Police spokesman Vyacheslav Gasanov said the bomber blew herself up in the central square in the provincial capital, Makhachkala. He did not give details about the injured children.
Since 2000, at least two dozen women, most of them from the Caucasus, have carried out suicide bombings in Russian cities and aboard trains and planes. All were linked to an Islamic insurgency that spread throughout Dagestan and the predominantly Muslim Caucasus region after two separatist wars in neighboring Chechnya.
The bombers are often called "black widows" in Russia because many are the widows, or other relatives, of militants killed by security forces.

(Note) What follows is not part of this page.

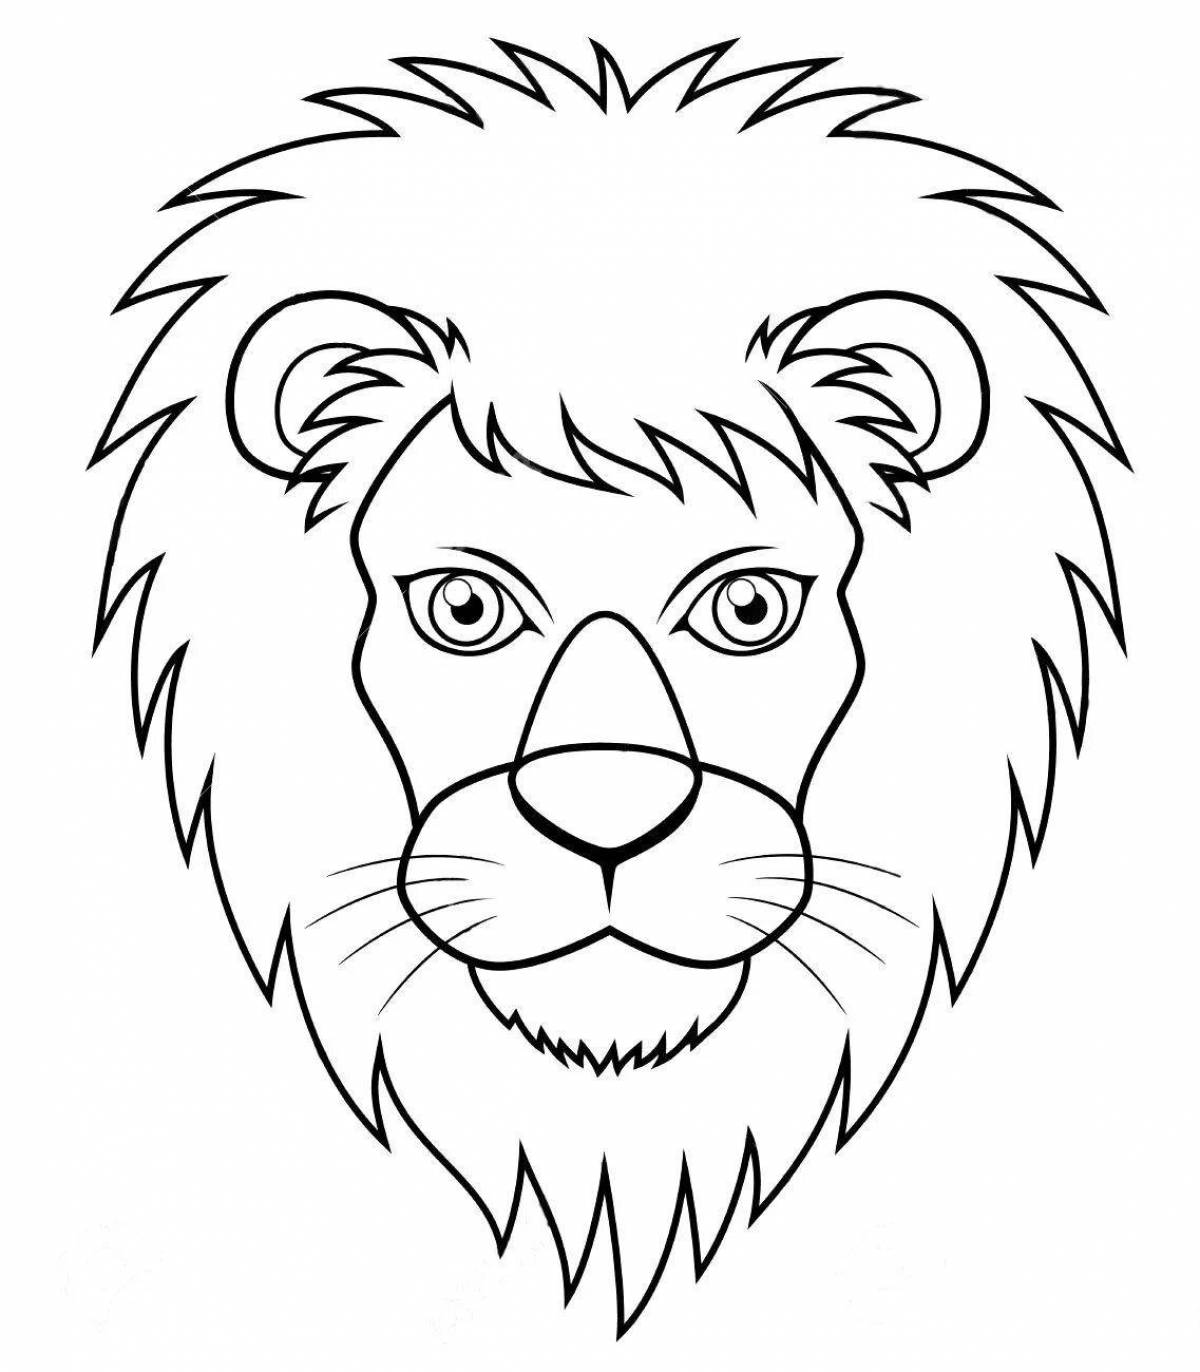 Голова льва Изображения – скачать бесплатно на Freepik

The Tsarnaev brothers suspected of carrying out last month's Boston marathon bombings, are ethnic Chechens who lived in Dagestan before moving to the United States. Tamerlan Tsarnaev, who was killed a shootout with police days after the April 15 bombings, spent six months in Dagestan in 2012.
Dagestan remains an epicenter of violence in the confrontation between radical Islamists and federal forces.
This week, a double explosion in Makhachkala killed four civilians and left 44 injured, while three security officers and three suspected militants have been killed in other incidents
Human rights groups accuse security agencies of abductions, torture and extrajudicial killings of civilians that further fuel the confrontation with Islamic radicals.